When you transcribe the listing, keep each line exact and drop the pictures.

• **Data provided**:
-- -- --

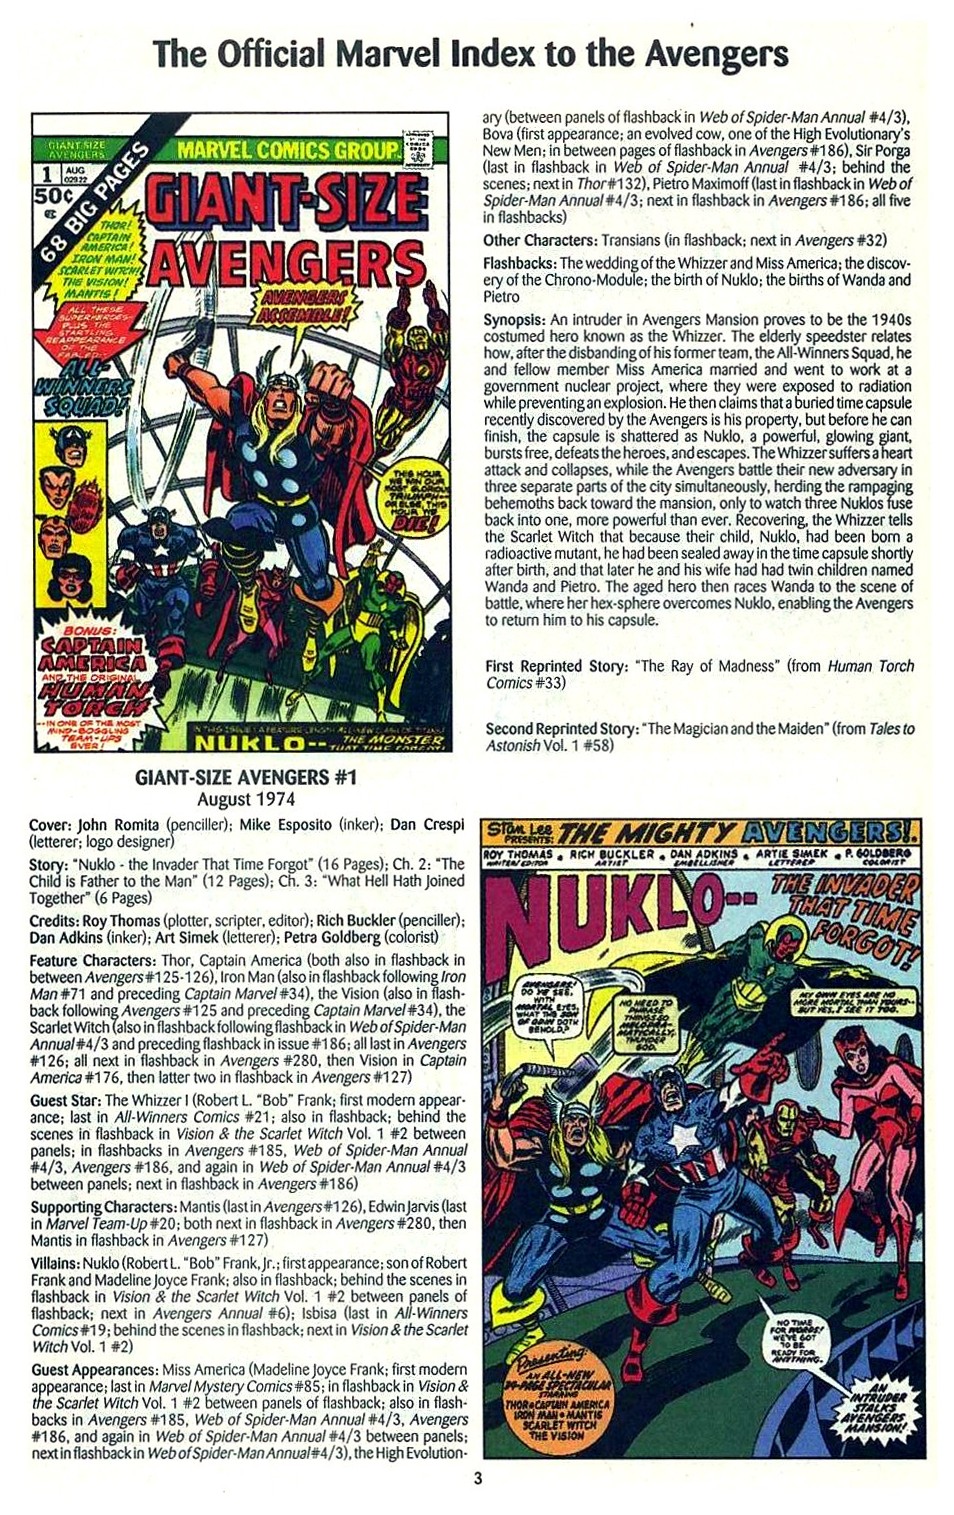 Read online The Official Marvel Index to the Avengers comic -  Issue #3 - 5
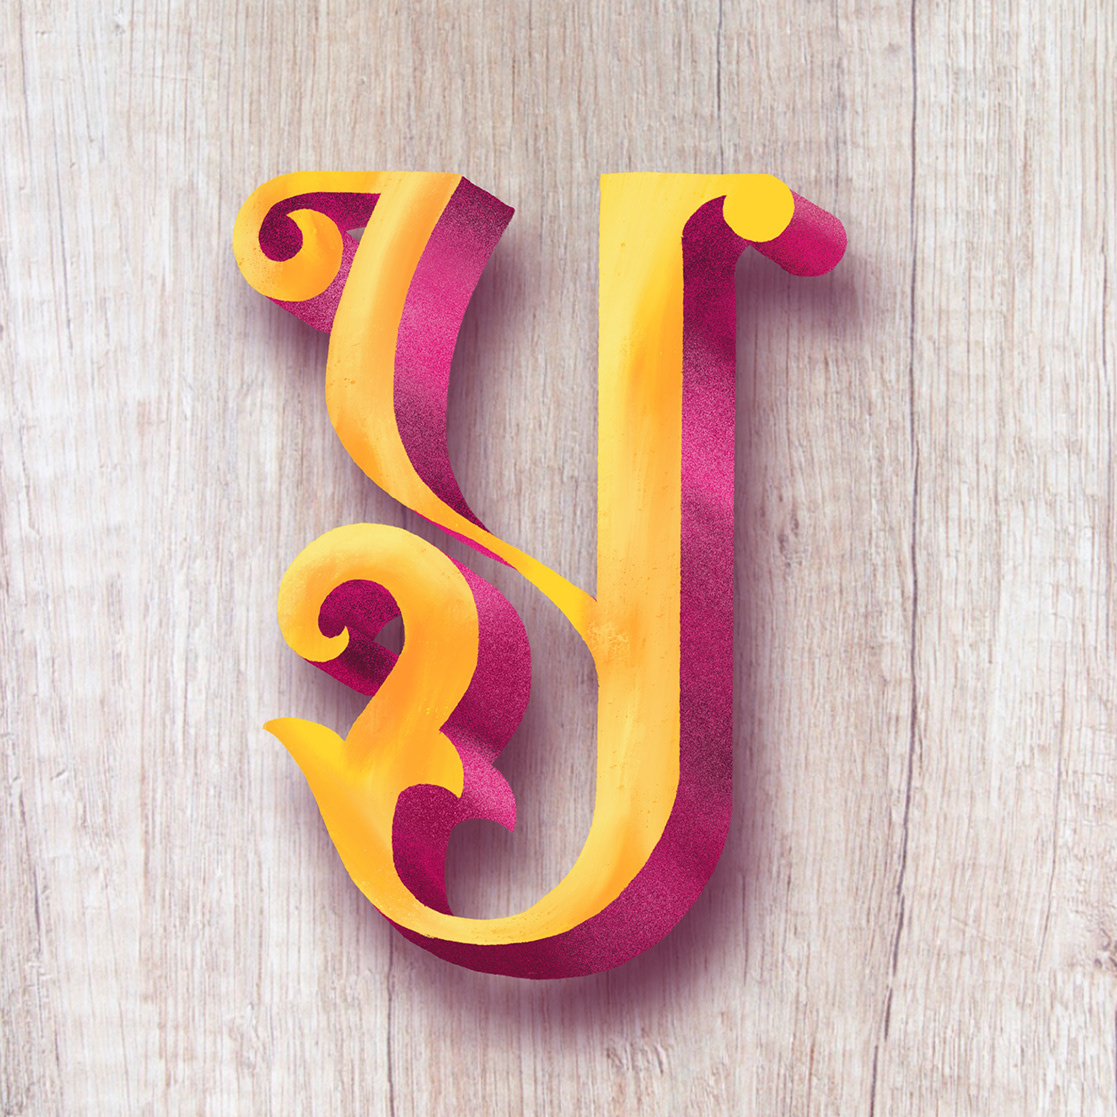 36daysoftype experimental font lettering type typedesign typo typography   vernacular
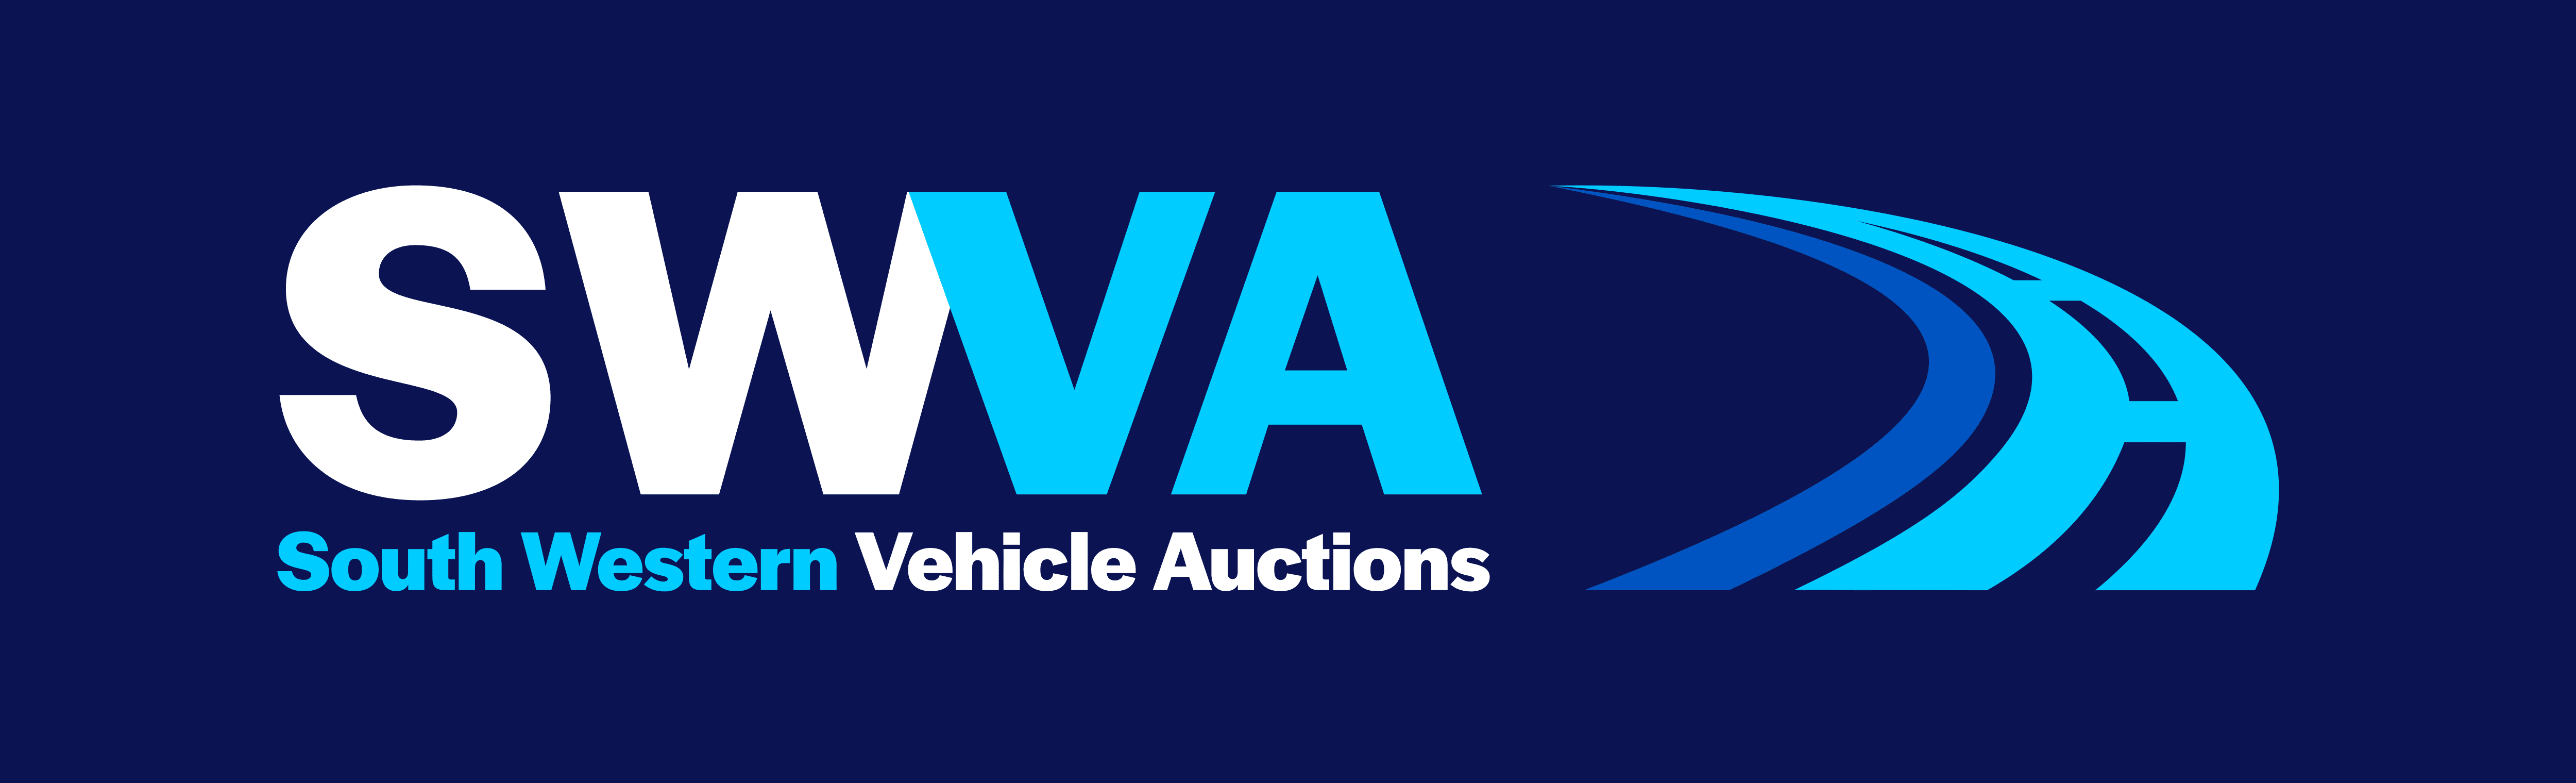 South Western Vehicle Auctions Ltd
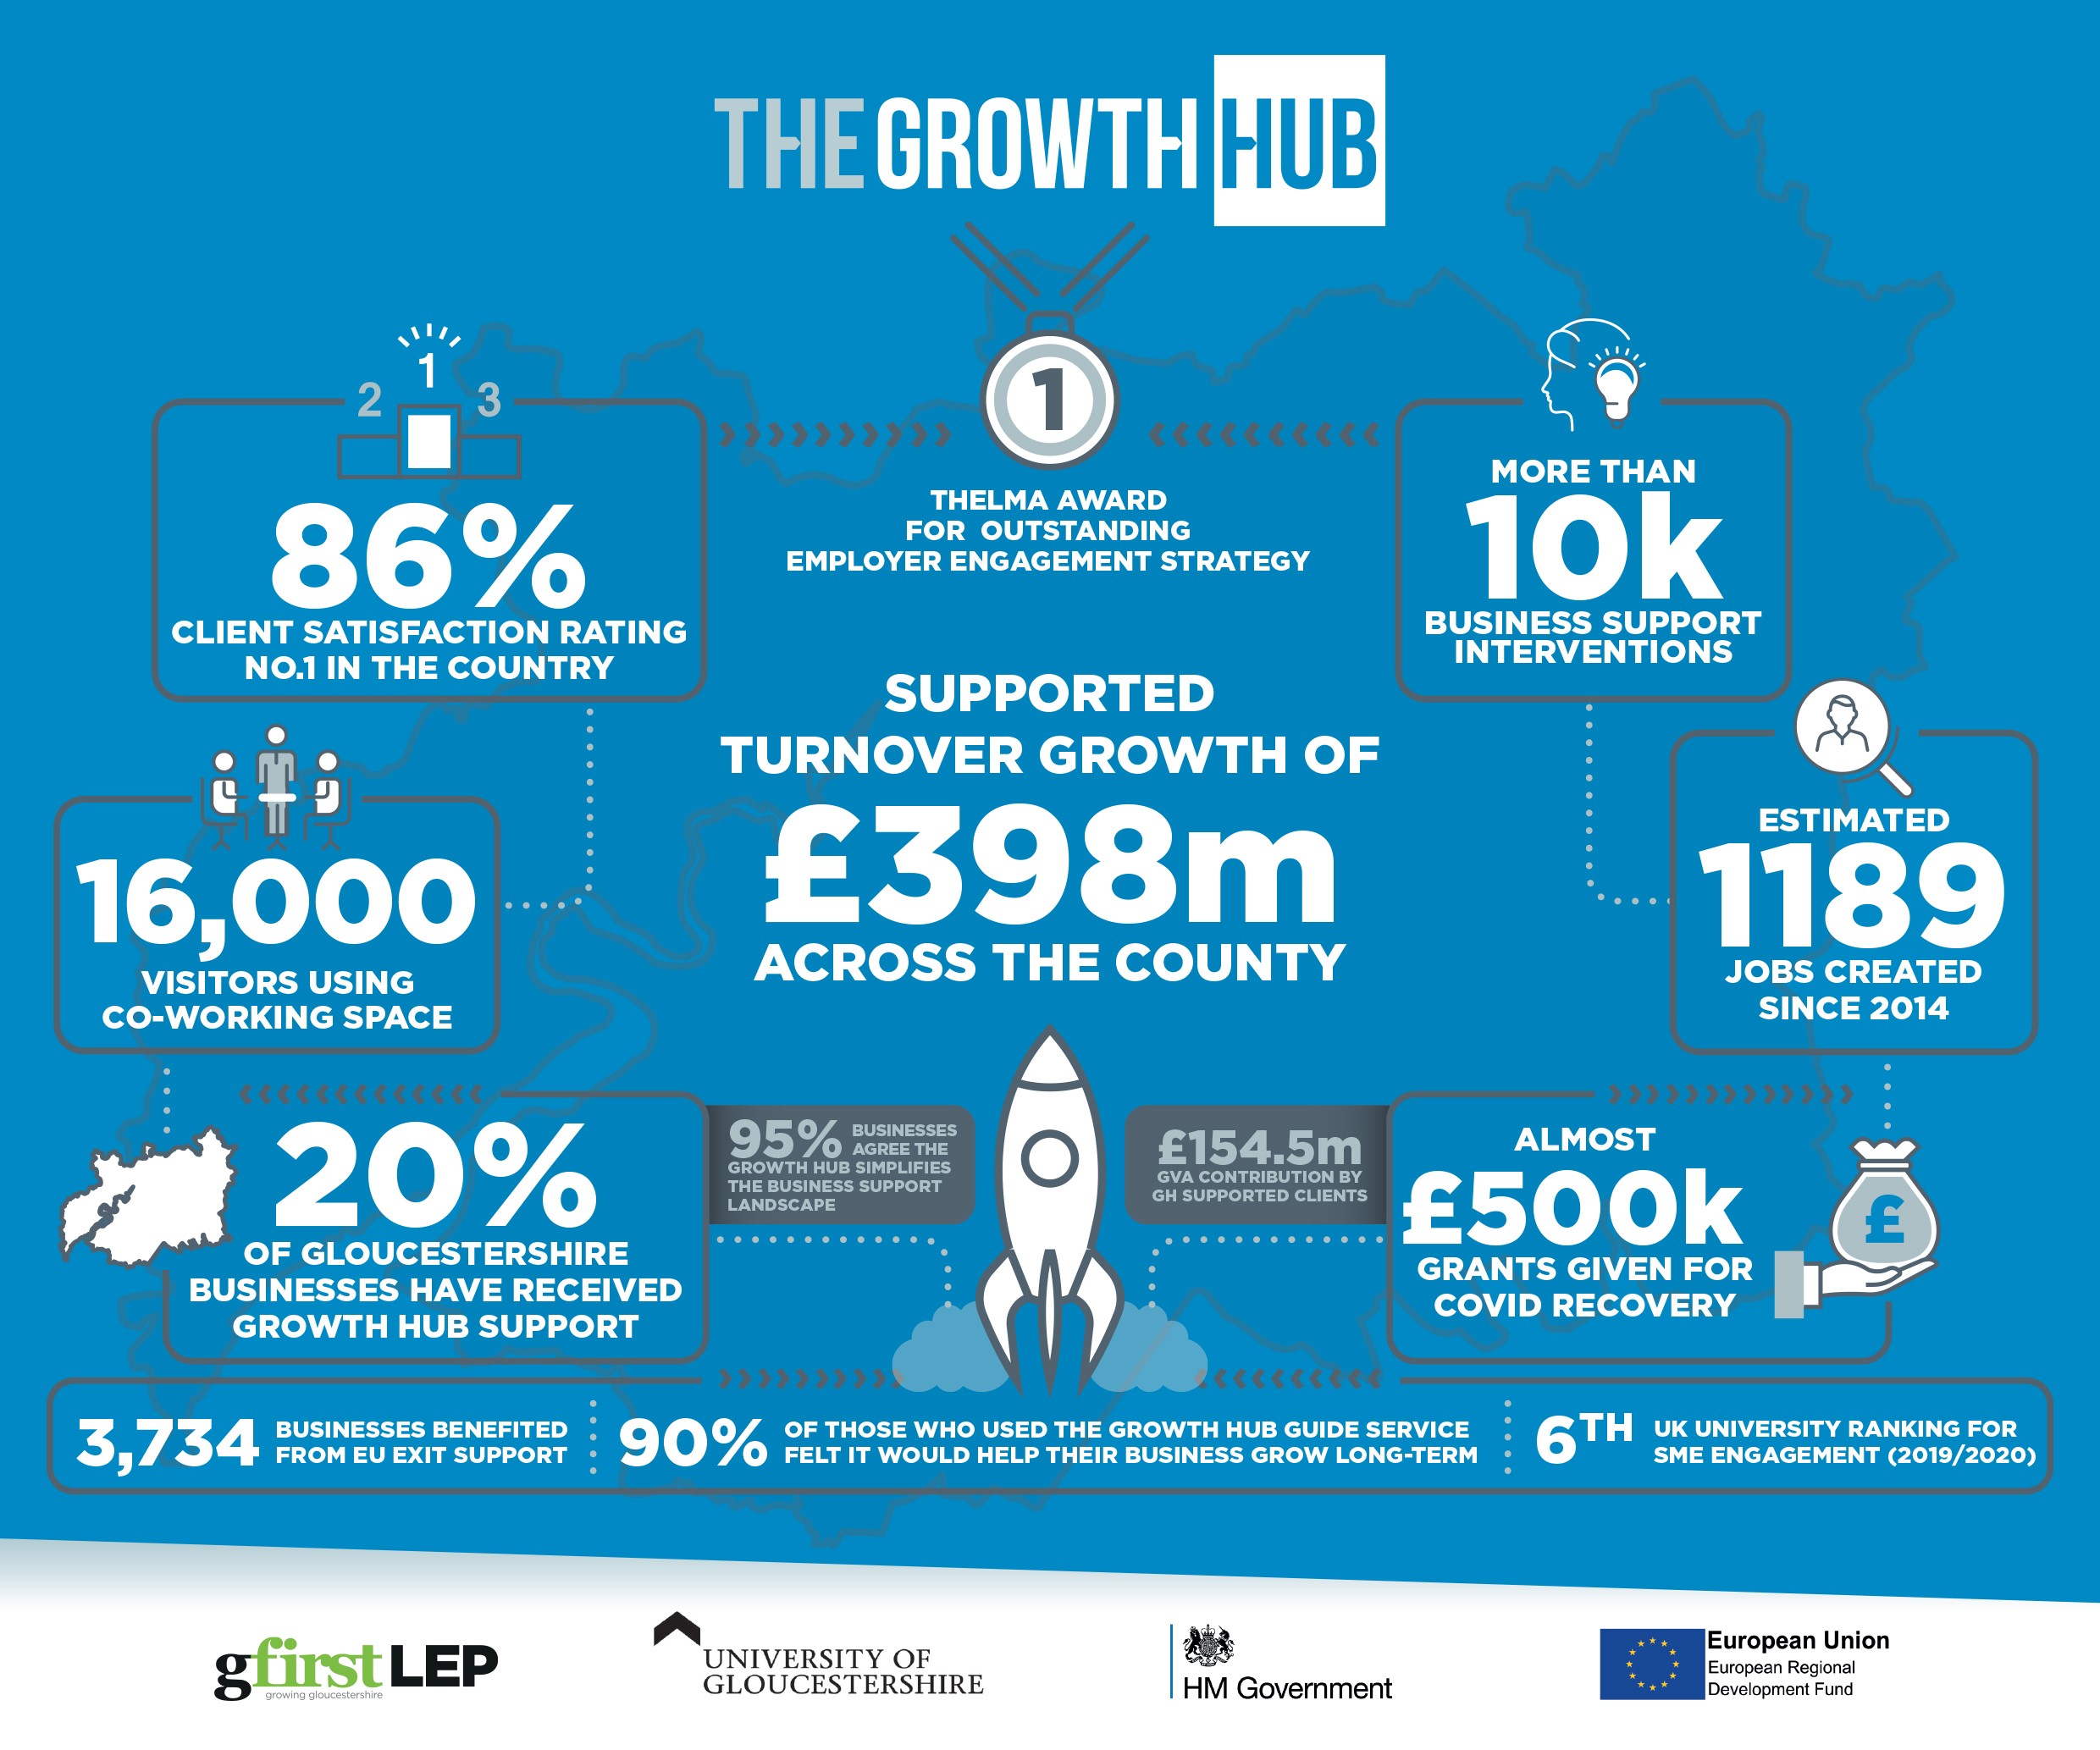 Growth Hub is supporting growth in jobs, turnover and value added, says independent report

-- -- --

• **Response**:
 Read online The Official Marvel Index to the Avengers comic -  Issue #3 - 5
 36daysoftype experimental font lettering type typedesign typo typography   vernacular
 South Western Vehicle Auctions Ltd
 Growth Hub is supporting growth in jobs, turnover and value added, says independent report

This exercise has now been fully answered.